Now, a new machine learning model that can classify types of lung cancer
Washington, Mar 4: Scientists say they have developed a novel machine learning model to classify different types of lung cancer, and found that it performed on par with three practicing pathologists. Machine learning is an application of artificial intelligence (AI) that provides systems the ability to automatically learn and improve from experience without being explicitly programmed.
Machine learning has improved dramatically in recent years and shown great promise in the field of medical image analysis, said researchers from Dartmouth–Hitchcock Medical Center (DHMC) in the US. They utilised machine learning capabilities to assist with the challenging task of grading tumour patterns and subtypes of lung adenocarcinoma, the most common form of the leading cause of cancer-related deaths worldwide.
Currently, lung adenocarcinoma, requires pathologist's visual examination of lobectomy slides to determine the tumour patterns and subtypes, according to the study published in the journal Scientific Reports.
A lobectomy is a type of lung cancer surgery in which one lobe of a lung is removed. This classification has an important role in prognosis and determination of treatment for lung cancer, however is a difficult and subjective task.

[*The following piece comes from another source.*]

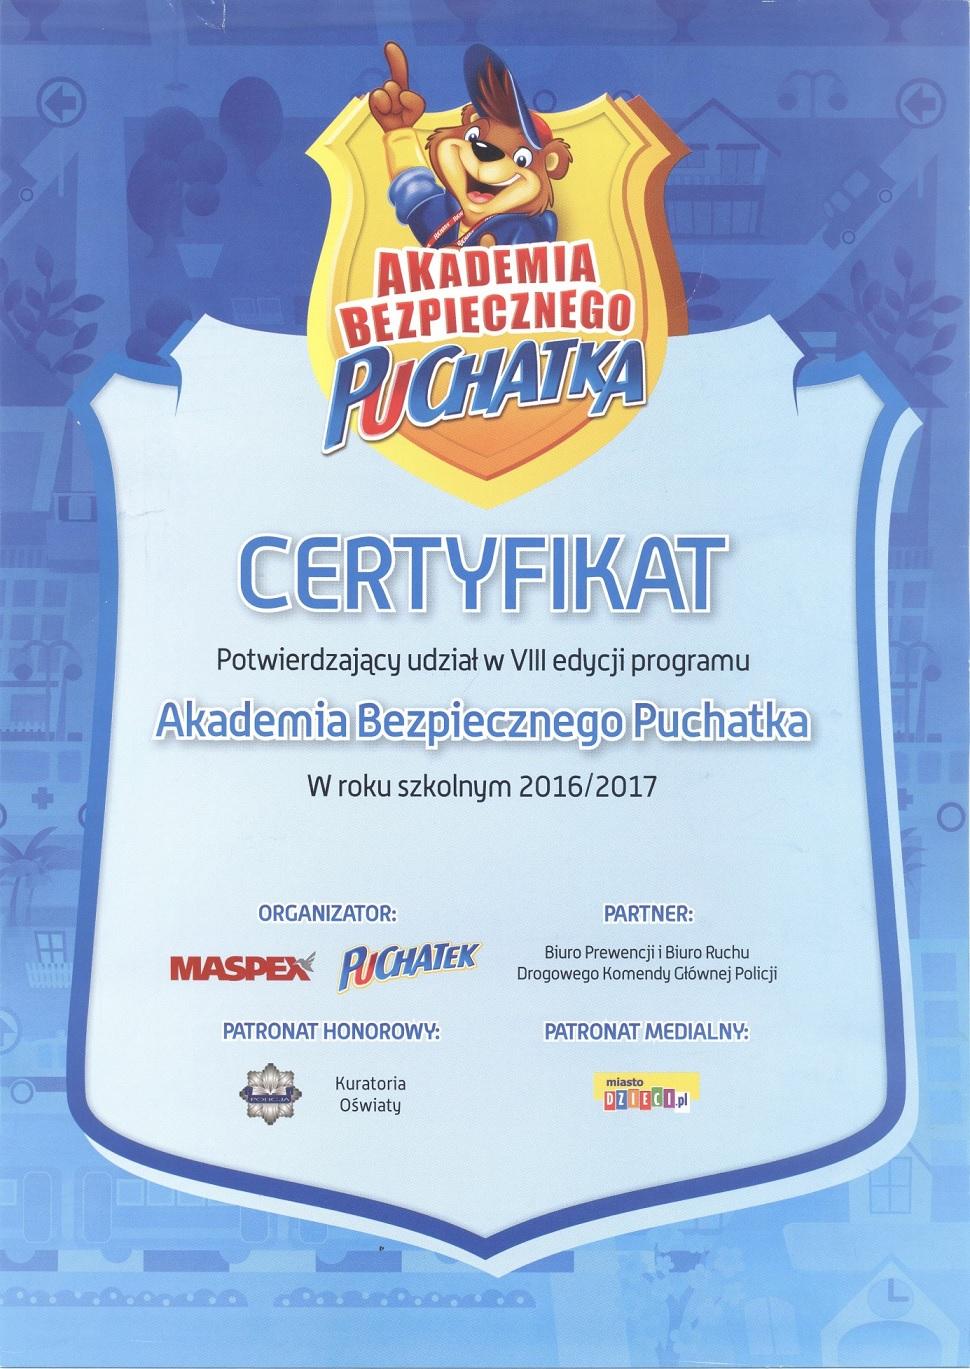 http://sp64krakow.pl/wp-content/uploads/2016/11/certyfikat-puchatek.jpg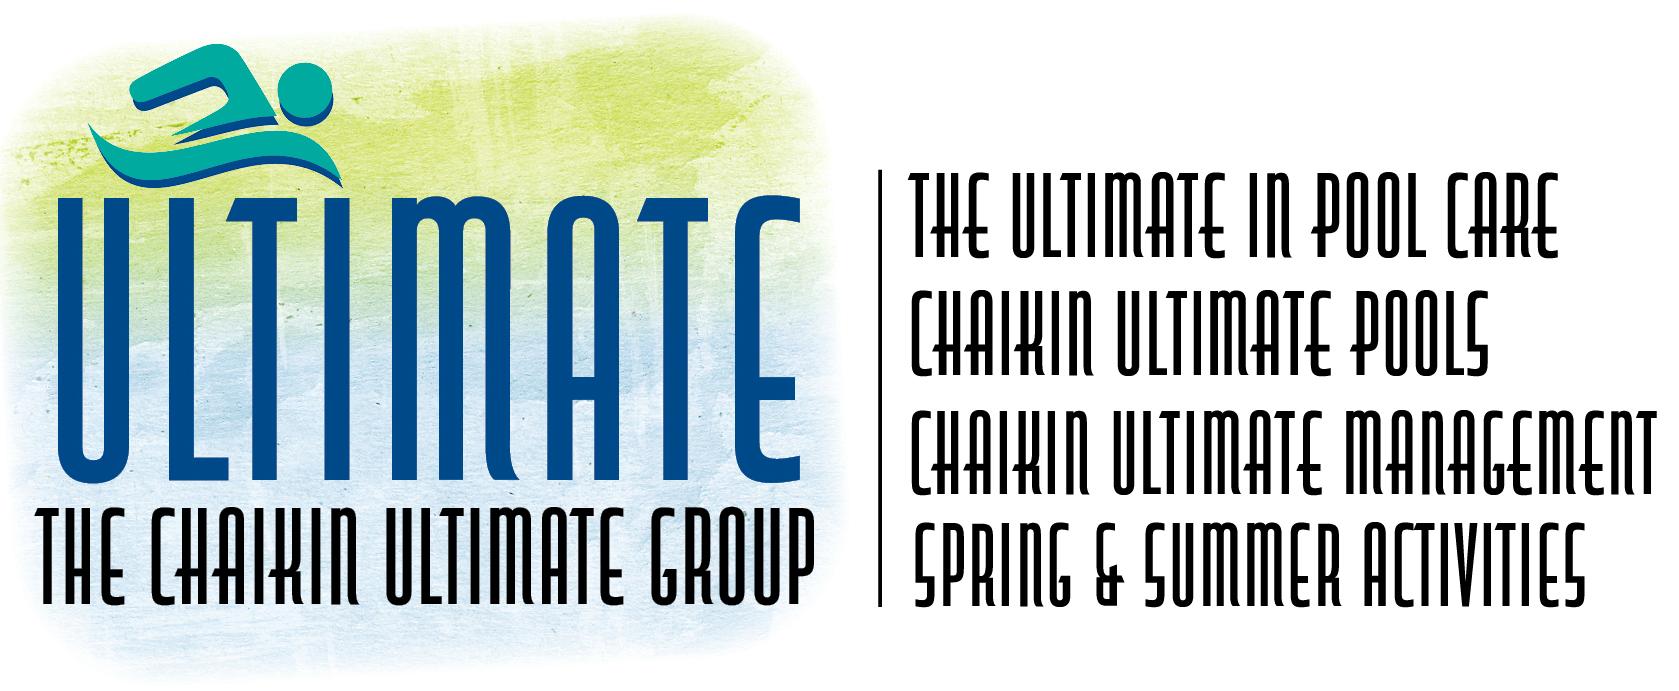 Chaikin Ultimate Group Logo

"Our study demonstrates that machine learning can achieve high performance on a challenging image classification task and has the potential to be an asset to lung cancer management," said Saeed Hassanpour, who led the study.
"Clinical implementation of our system would be able to assist pathologists for accurate classification of lung cancer subtypes, which is critical for prognosis and treatment," he said in a statement.
Using recent advances in machine learning, the team developed a deep neural network to classify different types of lung adenocarcinoma on histopathology slides, and found that the model performed on par with three practicing pathologists. Recognising that the approach is potentially applicable to other histopathology image analysis tasks, the researchers made their code publicly available to promote new research and collaborations in this domain.
In addition to testing the deep learning model in a clinical setting to validate its ability to improve lung cancer classification, the team plans to apply the method to other challenging histopathology image analysis tasks in breast, esophageal, and colorectal cancer.
"If validated through clinical trials, our neural network model can potentially be implemented in clinical practice to assist pathologists," said Hassanpour.
"Our machine learning method is also fast and can process a slide in less than one minute, so it could help triage patients before examination by physicians and potentially greatly assist pathologists in the visual examination of slides," he said.